Compute Location: Google Cloud Platform (GCP), northamerica-northeast1 region
Carbon Efficiency: 0.03 kgCO₂eq/kWh
Hardware: A100 PCIe 40/80GB (TDP of 250W)
Compute Duration: ~10 hours
Total Emissions: ~0.07 kgCO₂eq

24.1.10. 10. How to Use#

Inference Code Example:

from ultralytics import YOLO

# Load your custom-trained weights
model = YOLO("path/to/NOAA_AFSC_MML_Iceseals_31K.pt")

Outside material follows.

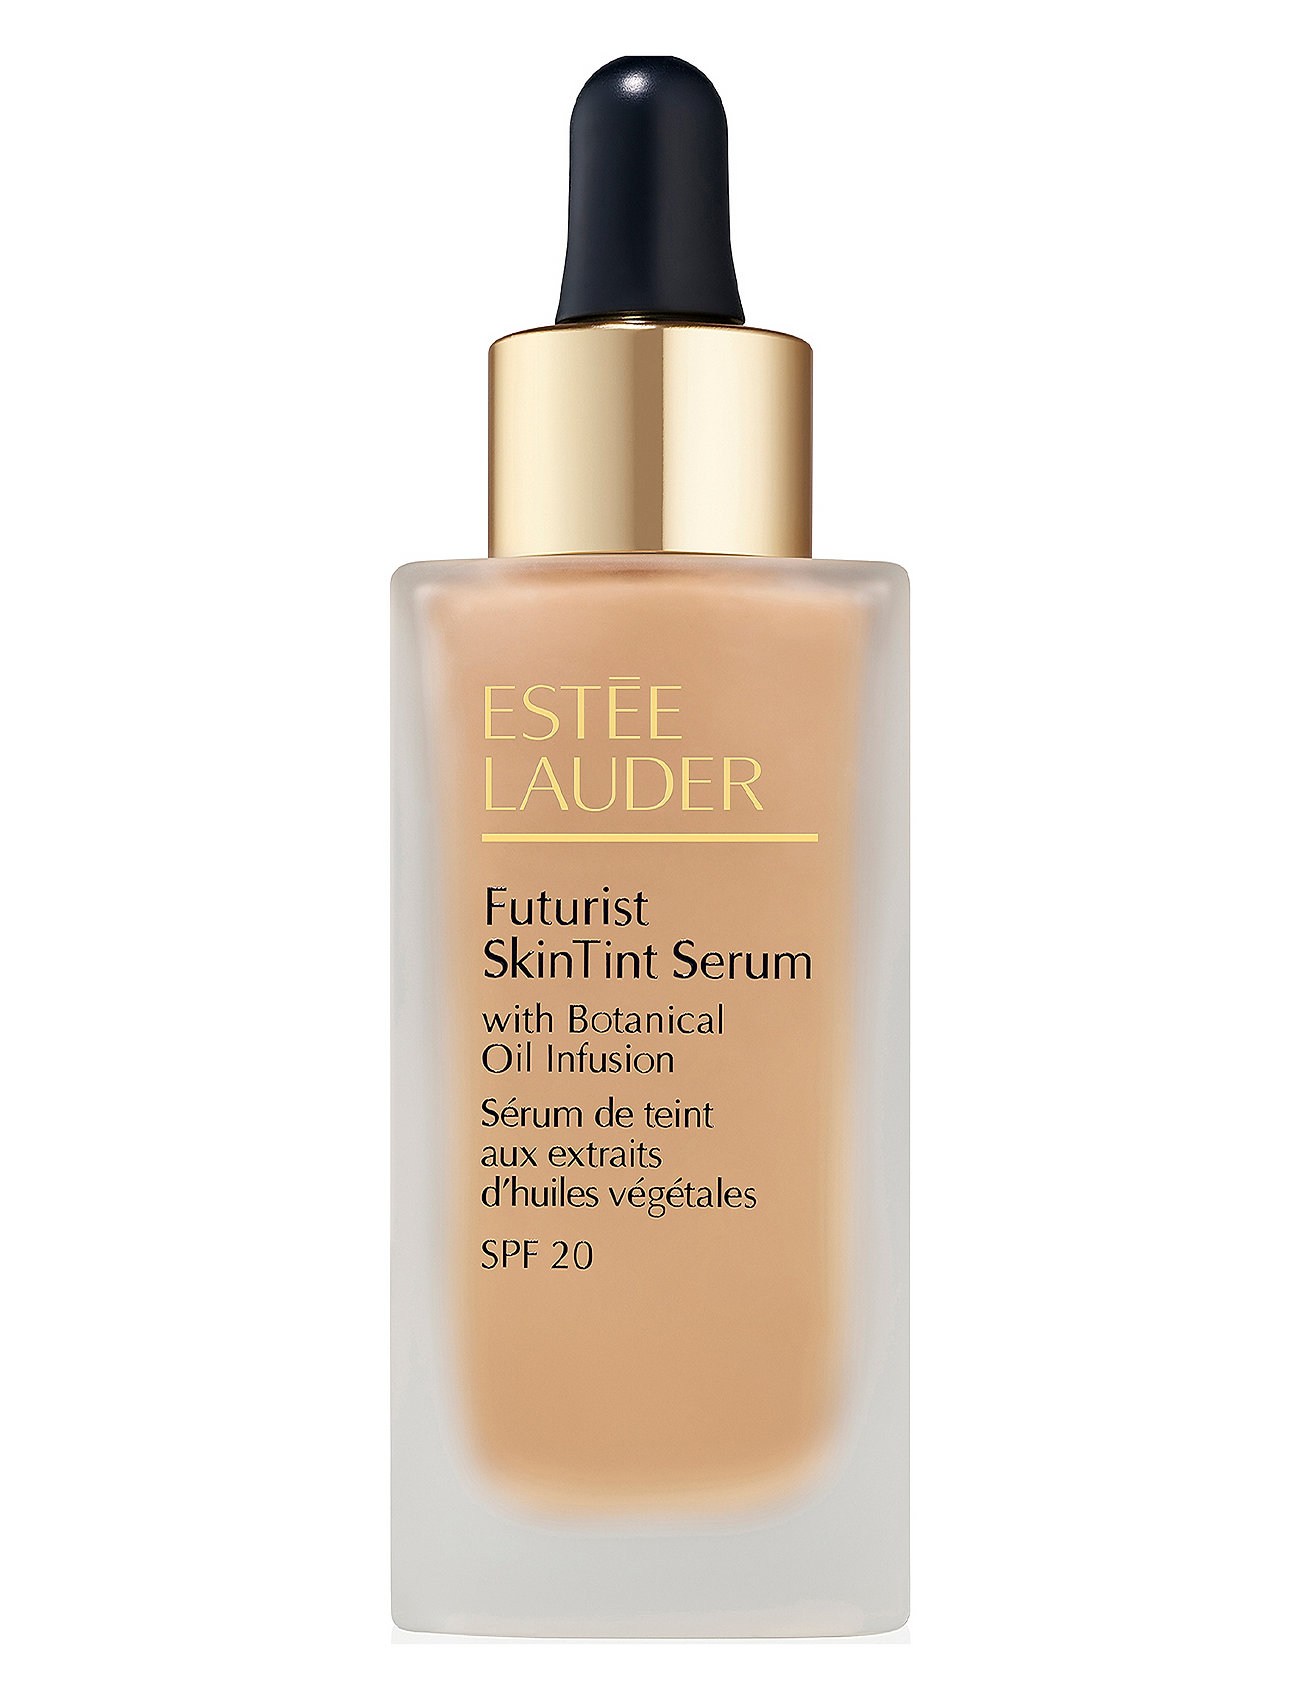 Futurist Skin Tint Serum Foundation Spf20 Foundation Makeup Estée Lauder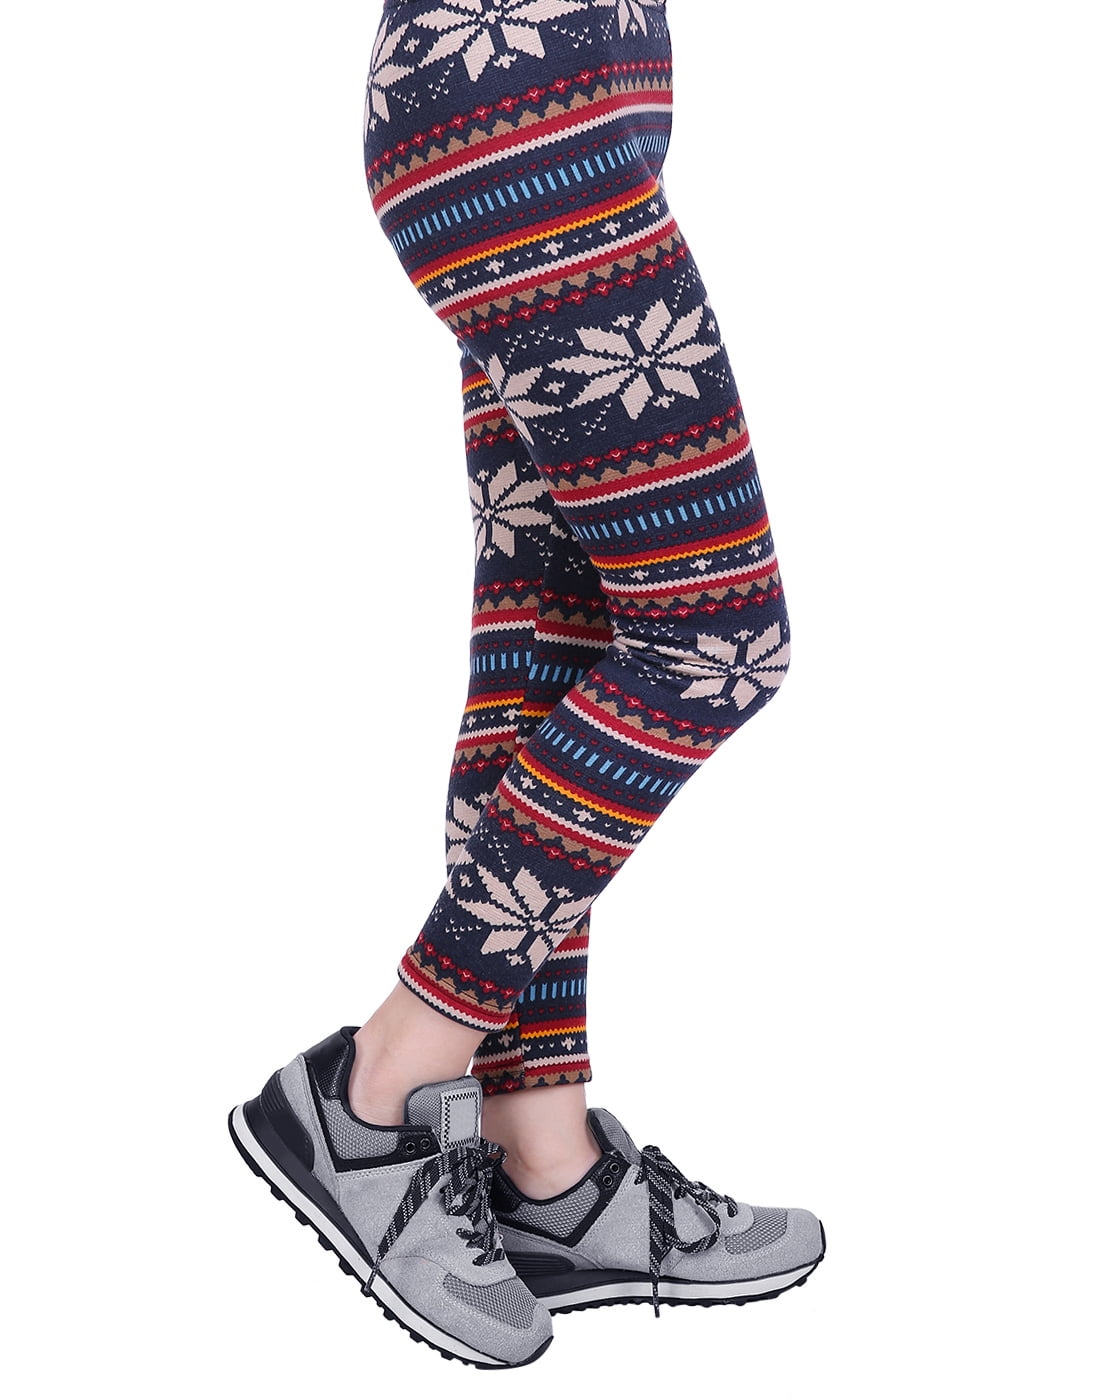 HDE Girls Fleece Winter Knit Leggings Kids Nordic Stretch Pants Footless Tights

# Inference on a still image
results_image = model.predict(
    source="path/to/your_image.jpg",
    conf=0.01,   # Confidence threshold
    iou=0.45,    # IoU threshold
    device=0     # Use GPU 0 if available; set to 'cpu' if no GPU
)

24.1.11. 11. Dataset and Preprocessing Details#

Source Imagery:
- Original resolution: 6048 × 4032
- Total source images: 7,671 (including 156 null examples)
- Resolution range: ~12.21 MP to ~24.39 MP
Tiling:
- Each source image was split into 4 tiles (2 rows × 2 columns) at 1024 × 1024.
- Post-tiling: 30,684 images.
Annotations:
- 8,948 total annotations.
- ~1.2 annotations per image on average.

Class Distribution:

Class Name	Total Count	Training Count	Validation Count	Test Count
ringed_seal	3180	2190	674	316
bearded_seal	1922	1392	359	171
spotted_seal	1662	1142	344	176
unknown_seal	812	585	153	74
bearded_pup	420	300	77	43
unknown_pup	392	275	63	54
spotted_pup	238	174	46	18
ribbon_seal	232	154	45	33
ringed_pup	54	37	14	3
ribbon_pup	36	28	5	3

24.1.12. 12. Training Configuration Details#

Parameters:
- Layers: 319
- Parameters: 2,591,400
- Gradients: 2,591,384
- GFLOPs: 6.4

24.1.13. 13. Metrics (Epoch 64)#

epoch	time	train/box_loss	train/cls_loss	train/dfl_loss	metrics/precision(B)	metrics/recall(B)	metrics/mAP50(B)	metrics/mAP50-95(B)	val/box_loss	val/cls_loss	val/dfl_loss	lr/pg0	lr/pg1	lr/pg2
64	23230.9	1.34616	1.18894	0.89475	0.76783	0.43806	0.4671	0.30454	1.37059	1.77372	0.90735	0.00993763	0.00993763	0.00993763

24.1.14. Key Considerations#

Transparency: Provide as much detail as possible about the model and its development process.
Accessibility: Use clear and straightforward language to make the model card accessible to a broad audience.
Completeness: Cover all relevant aspects of the model, including its intended use, performance, limitations, and ethical considerations.

By following this structure, you can create a comprehensive model card that promotes transparency and enables users to make informed decisions about using your model.